* **Given data**
---

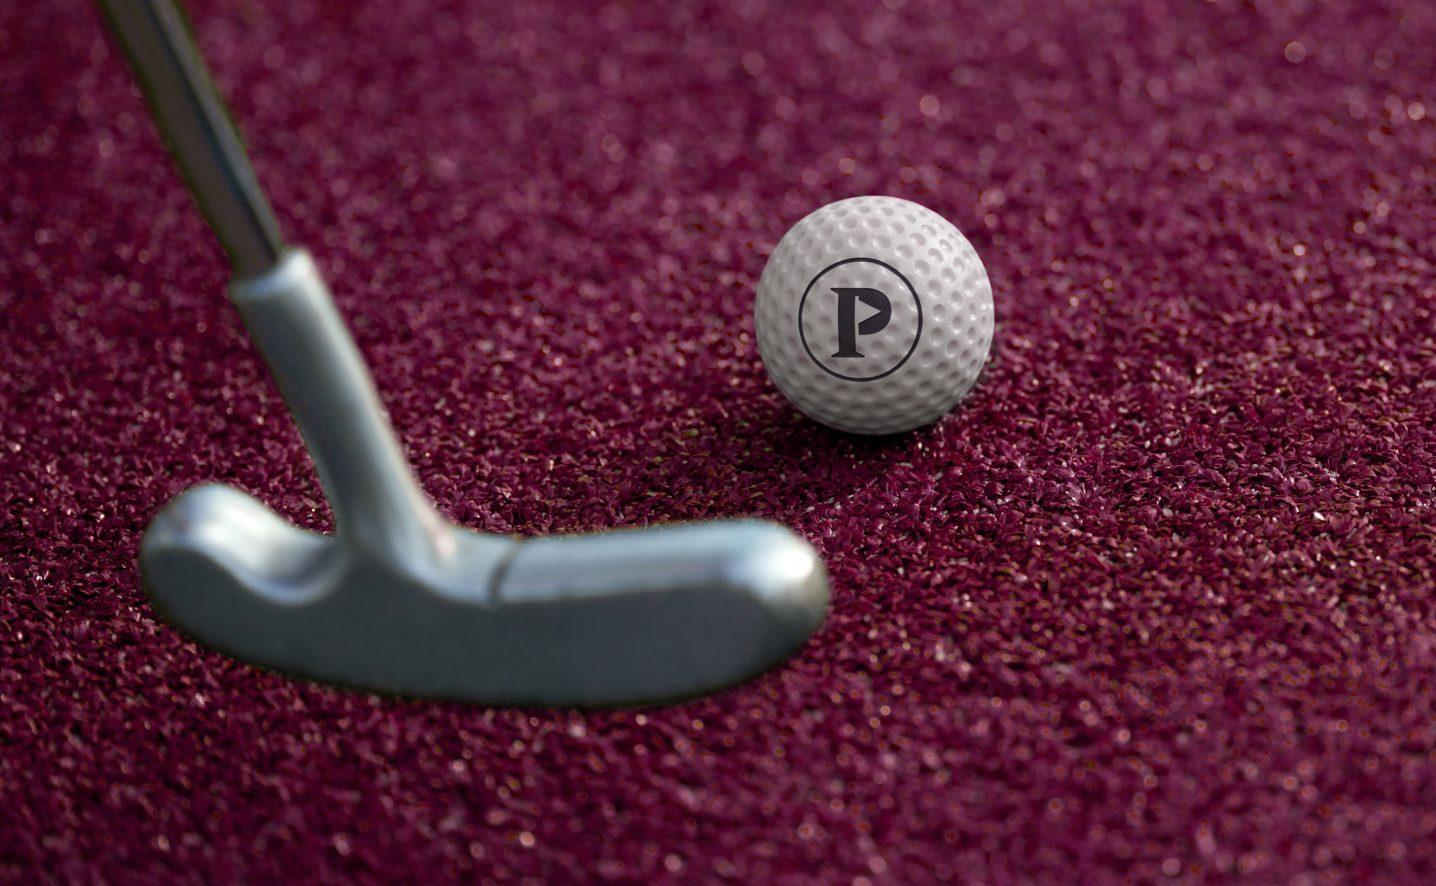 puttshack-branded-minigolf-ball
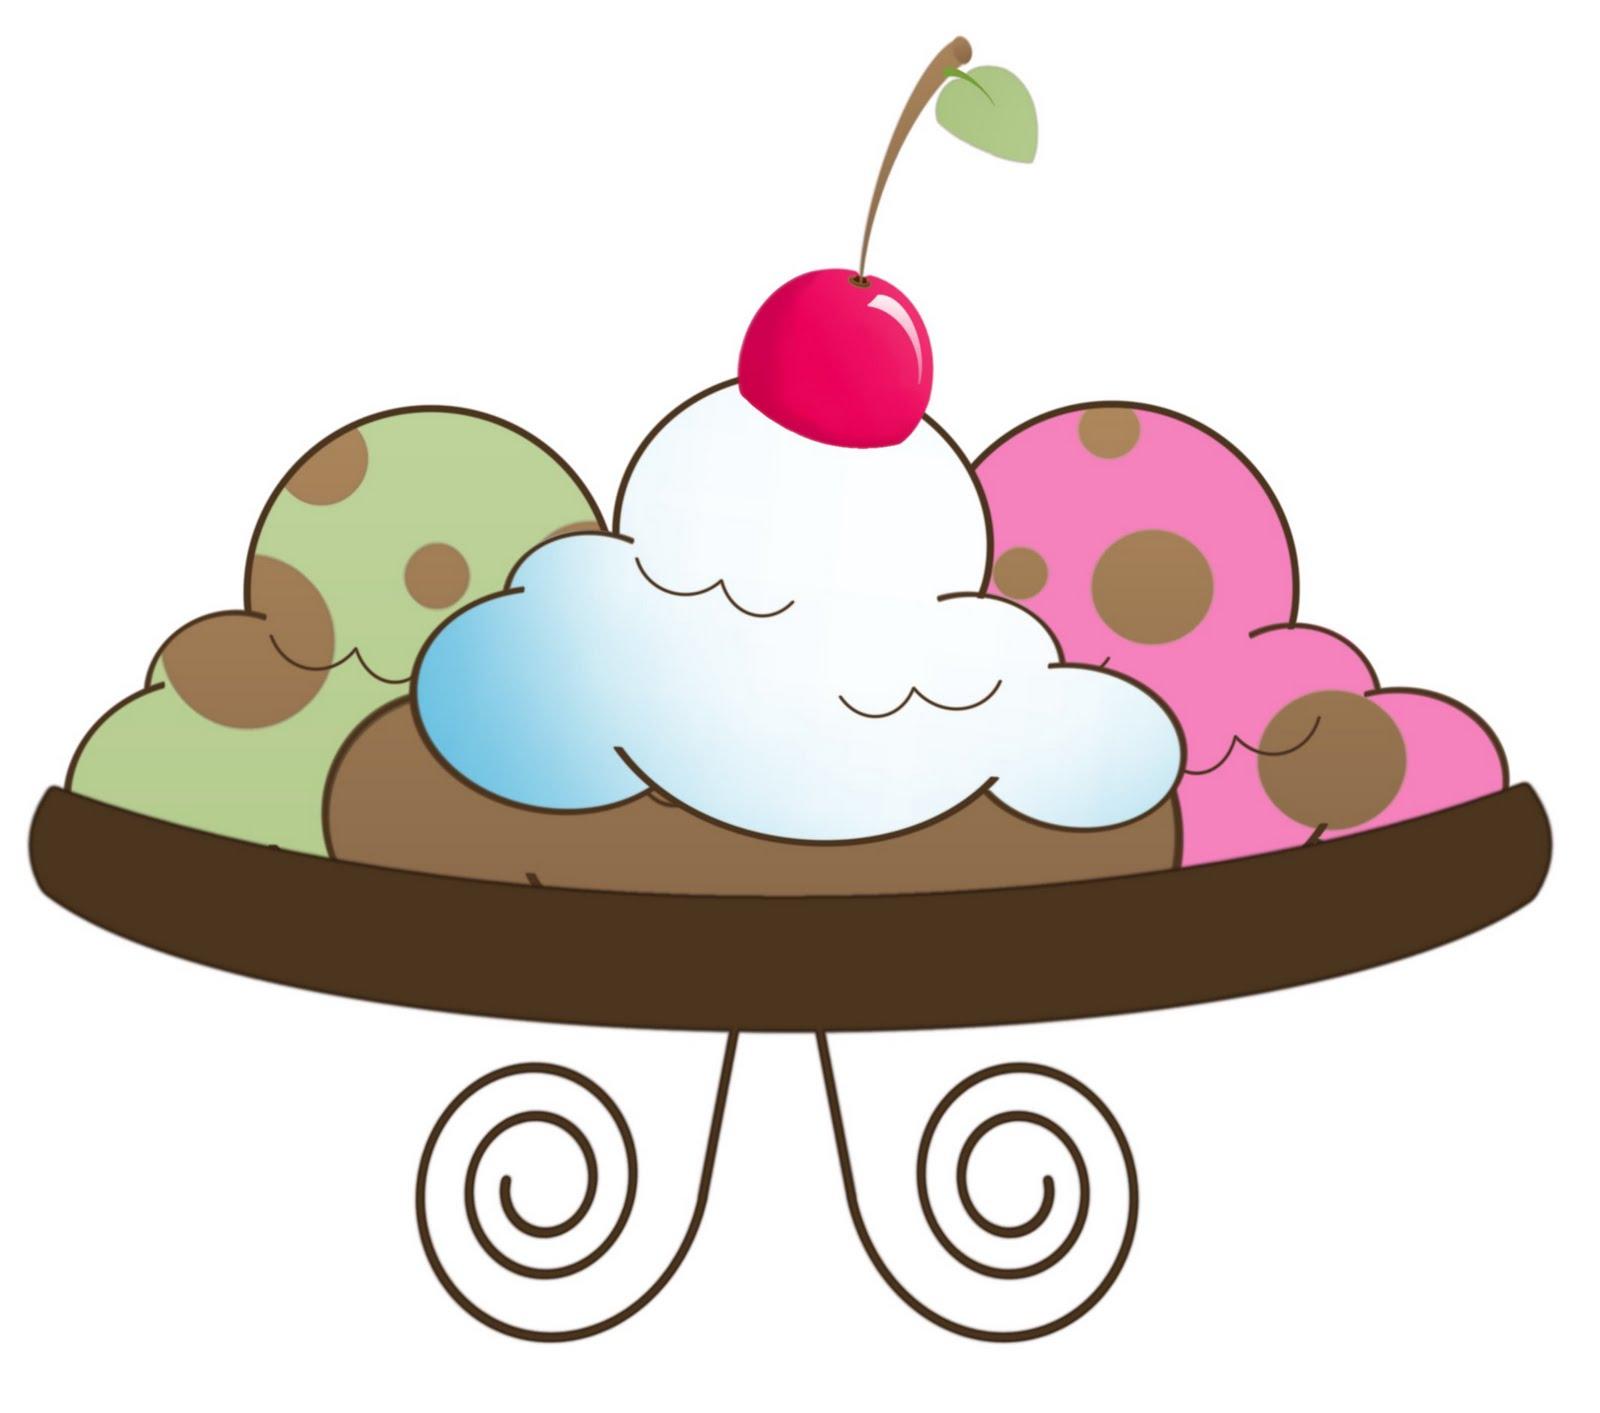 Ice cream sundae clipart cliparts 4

---

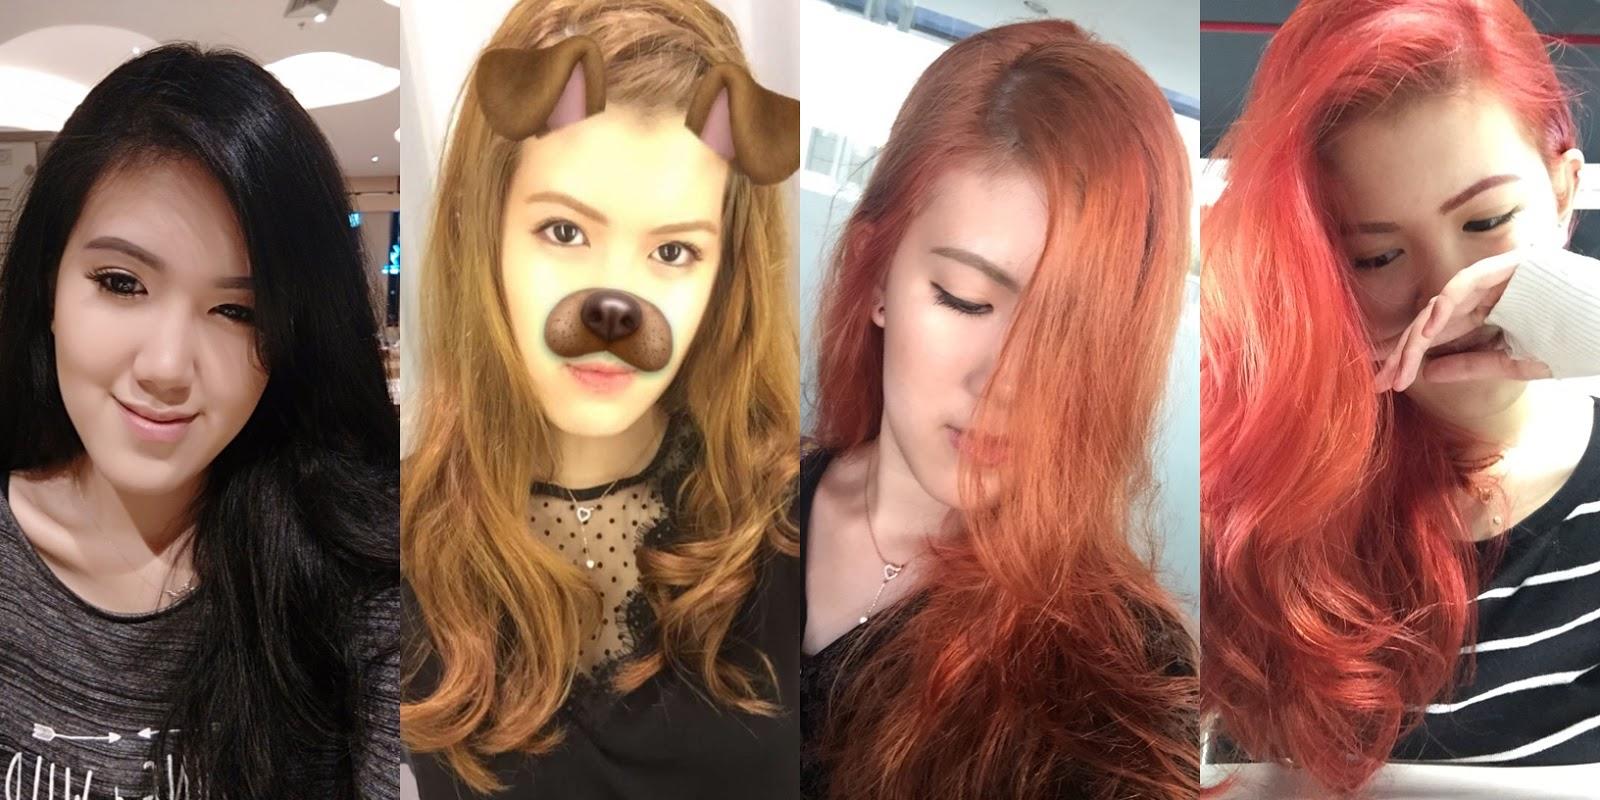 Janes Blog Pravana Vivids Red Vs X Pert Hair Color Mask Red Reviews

---

* **Task item**
With pictures omitted, repeat the entries above word for word from the line holding "puttshack-branded-minigolf-ball" down to the line holding "Ice cream sundae clipart cliparts 4", keeping both of those lines.

* **Reply**
 puttshack-branded-minigolf-ball
 Ice cream sundae clipart cliparts 4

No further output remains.